2007年4月1日日曜日

映画『歌麿をめぐる五人の女』

1946年 監督:溝口健二
BS2 録画


歌麿をめぐる五人の女

流行絵師歌麿に想いをよせる五人の女かと思いきや、歌麿はあくまで傍観者なのね。
歌麿をめぐると言えばめぐるではあるのだけど、歌麿をめぐって五人の女が取り合うとかじゃない。
歌麿と関わり合いのある五人の女はそれぞれ歌麿じゃない別の男に恋する。
前半、間違いなく物語の中心は歌麿の粋なんだけども、気づいたら五人の女、特に田中絹代が見せ場をかっさらっていく。
男がしっかし馬鹿で弱いね~。

縦の構図の手前や奥で絶えずいろんなものが動くからその流動性が面白い。うちわだったり蝋燭の火だったり通行人だったり。
縦の構図が生み出す想像だけでは満たしきれない「見たい」という横の広がりへの渇望は、程よく(というか最低限)挿入される移動撮影やパンが自然に満たしてくれる。

さて、この映画を見た目的は溝口だからというより五人の女の中の一人に川崎弘子がいるからだったのだけど、どの人だったか分からず。
調べてみると、五人の中で一番綺麗じゃないと思ったお蘭が川崎弘子だった。
ん~ん。確かに『朗かに歩め』や『淑女と髭』の時からオカメ顔でそんなに綺麗じゃなかったが、ふっくらして妙な愛くるしさがあったのだけどなぁ。
この映画1946年といっても『淑女と髭』が1931年だから15年も経っているのか。

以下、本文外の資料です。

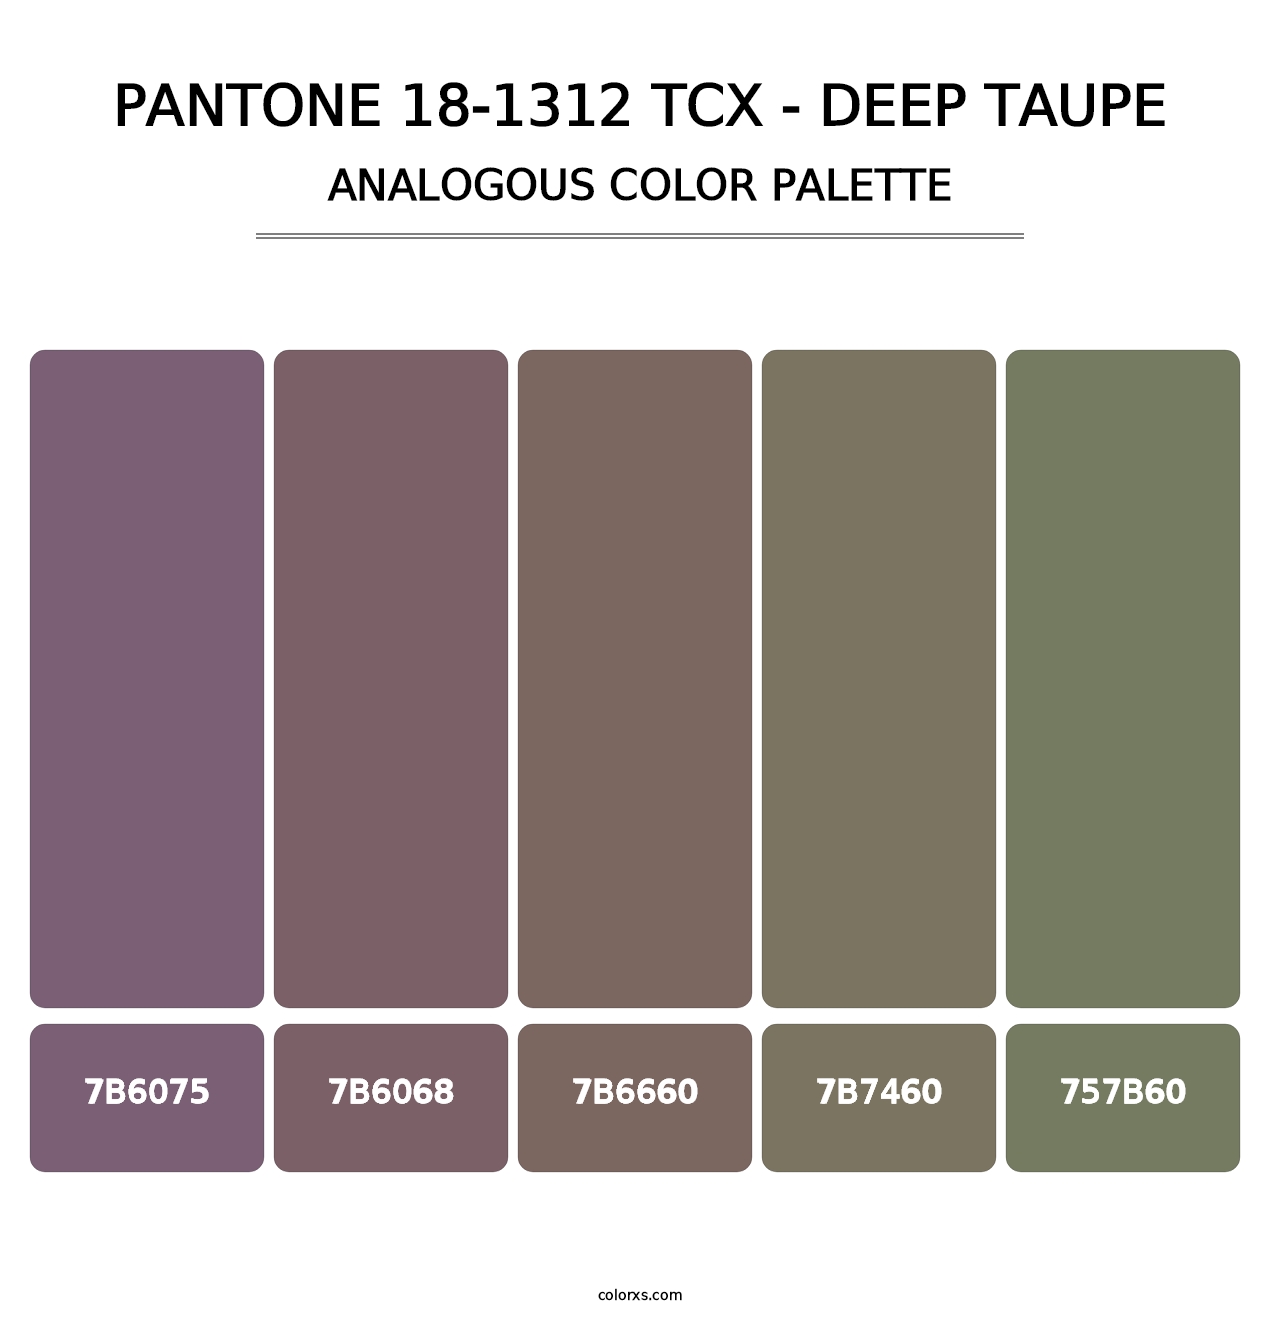 PANTONE 18-1312 TCX - Deep Taupe - Analogous Color Palette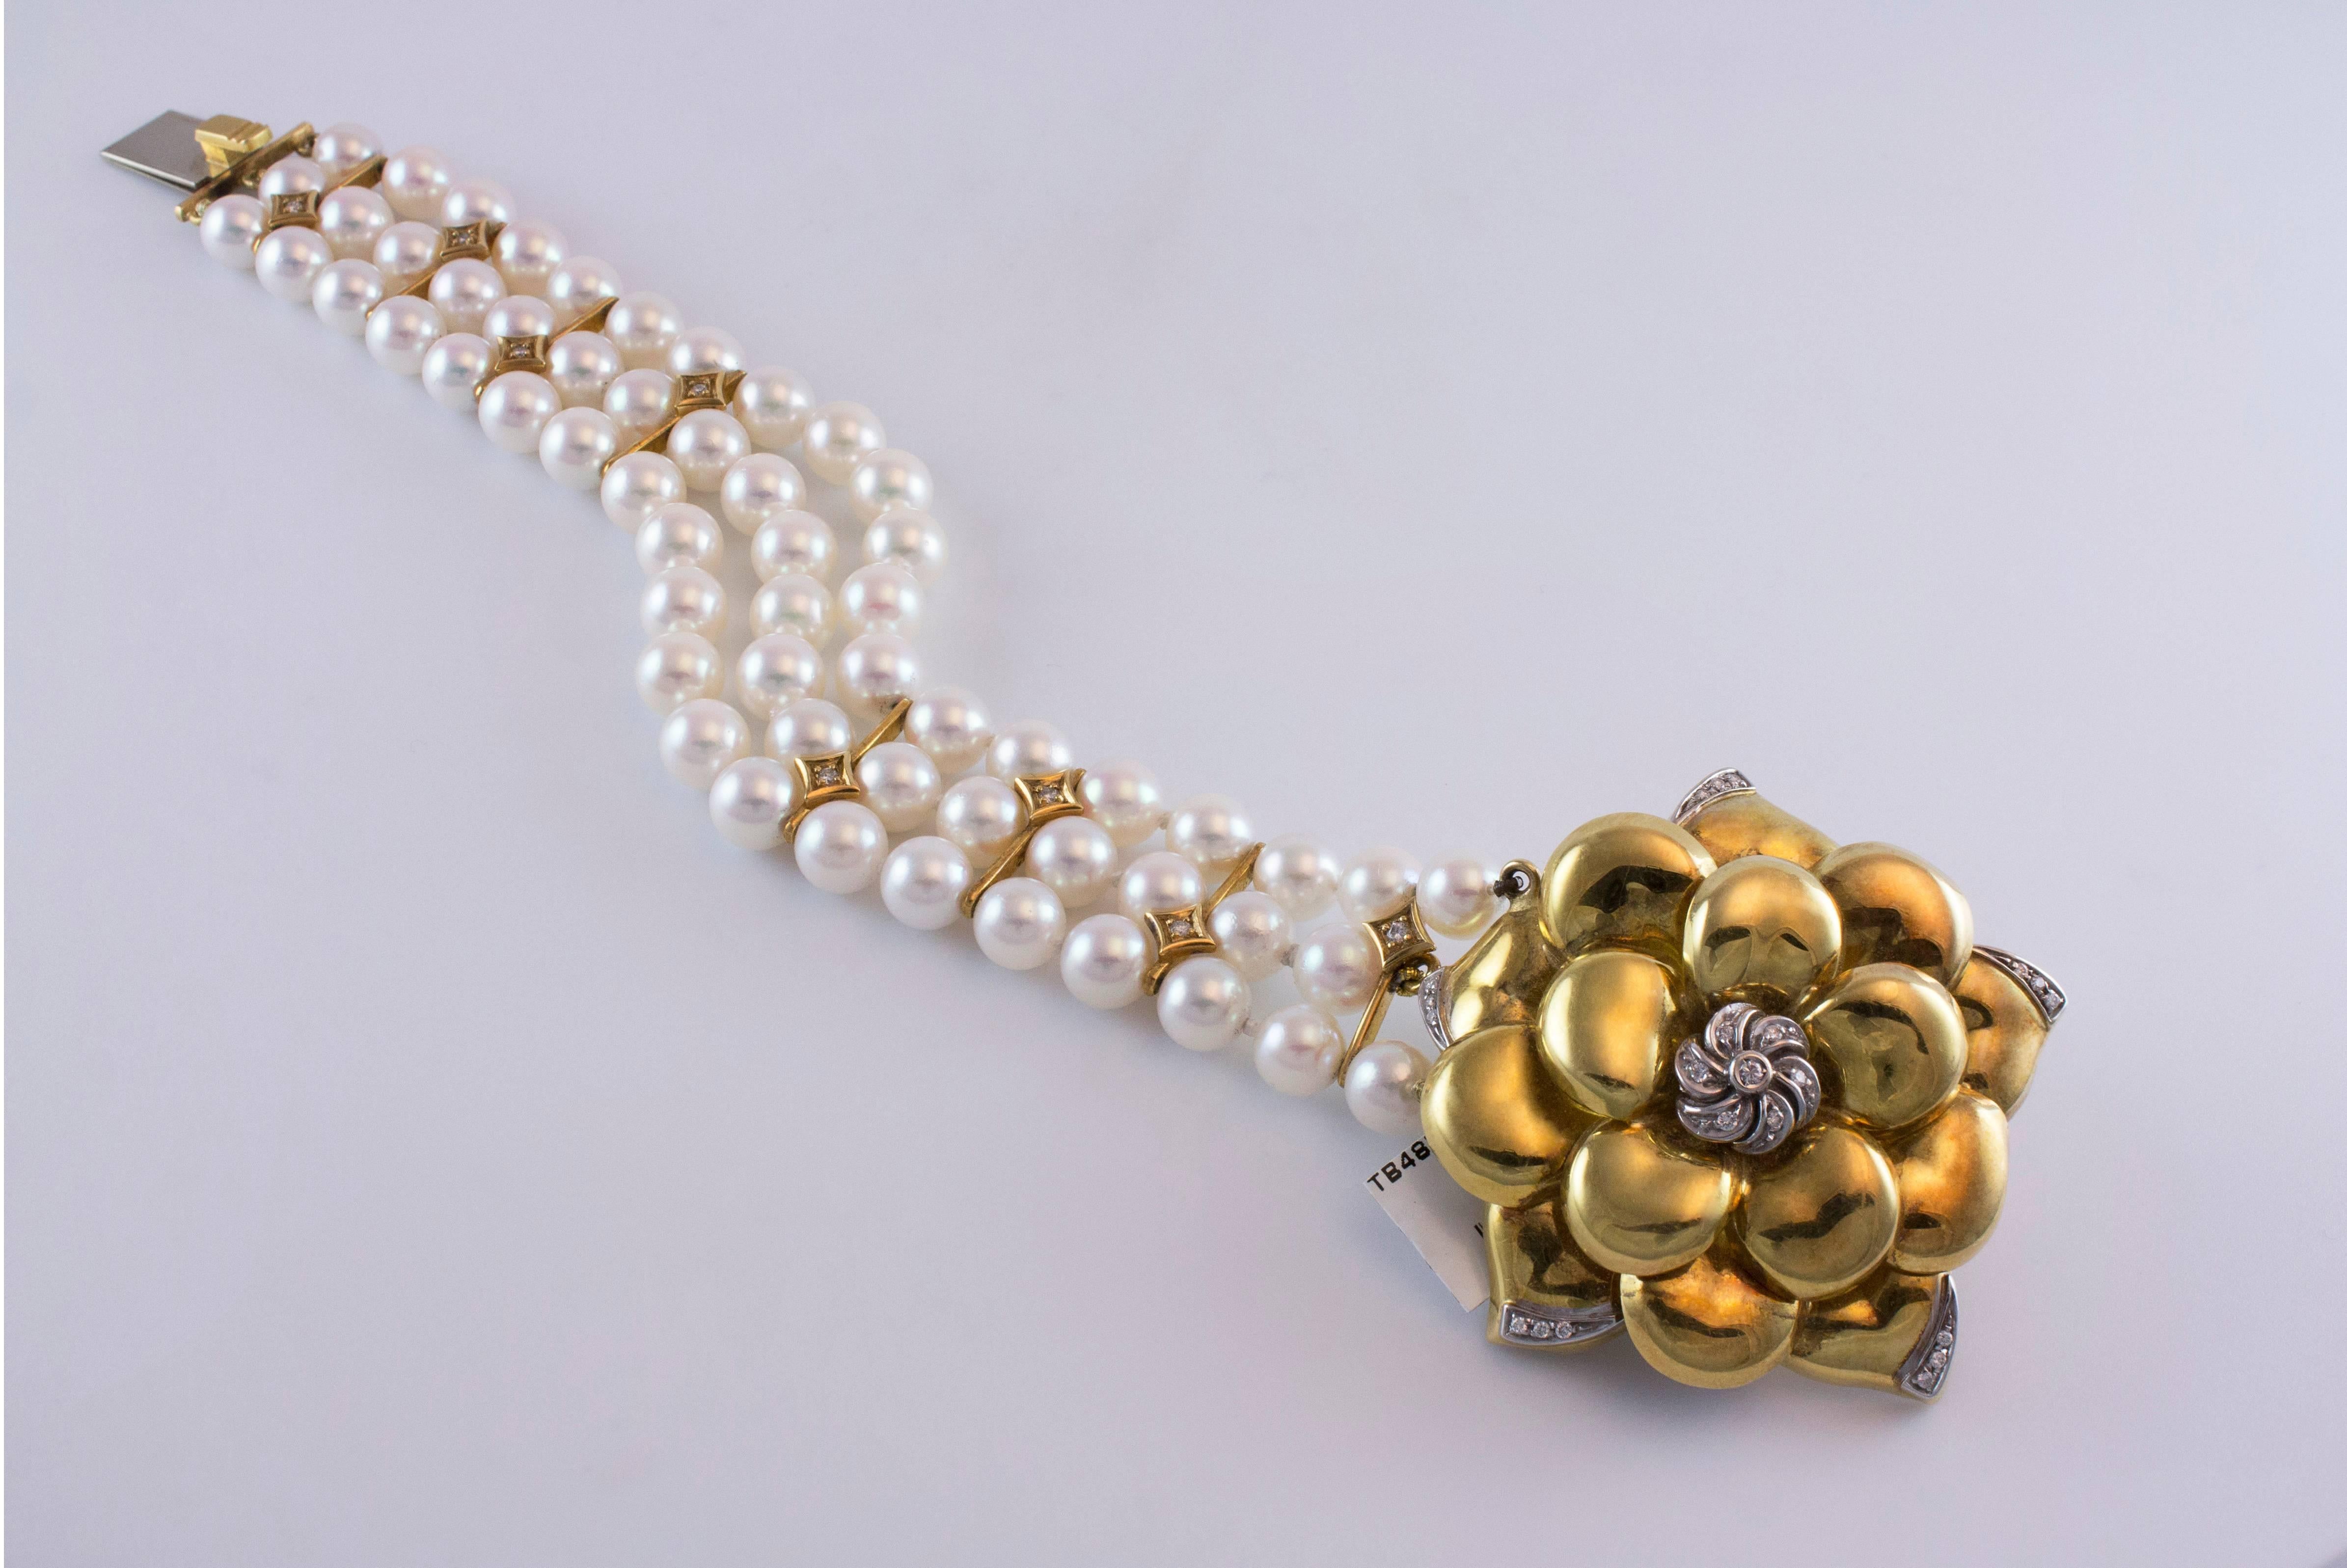 Dieses Armband besteht aus einer Blume aus 18 Karat Gelbgold, die durch runde Brillanten am dreireihigen Zuchtperlenstrang akzentuiert wird. Gesamtgewicht der Diamanten ca. 0,30ct. Die Perlen haben einen tollen Glanz und einen schönen rosafarbenen

げげ、川崎弘子の夫って邦楽に少し興味がある人なら名前くらい知っているあの福田蘭堂だったんだ。
しかも福田蘭堂のWikipediaによると結婚の理由が

映画撮影の為ロケ地である大島へ向かう途中の船上で女優川崎弘子をレイプして世間の指弾を浴びたことがある。しかし、松竹蒲田撮影所の所長城戸四郎に責任を迫られ、彼女と結婚することとなった。

ってやばくない?
あと、川崎弘子と結婚するために別れた前妻の子供はクレイジーキャッツの石橋エータローで、さらに福田蘭堂自身は青木繁の息子だった。
知らなかったことが多すぎて一気に知ったからびっくりです。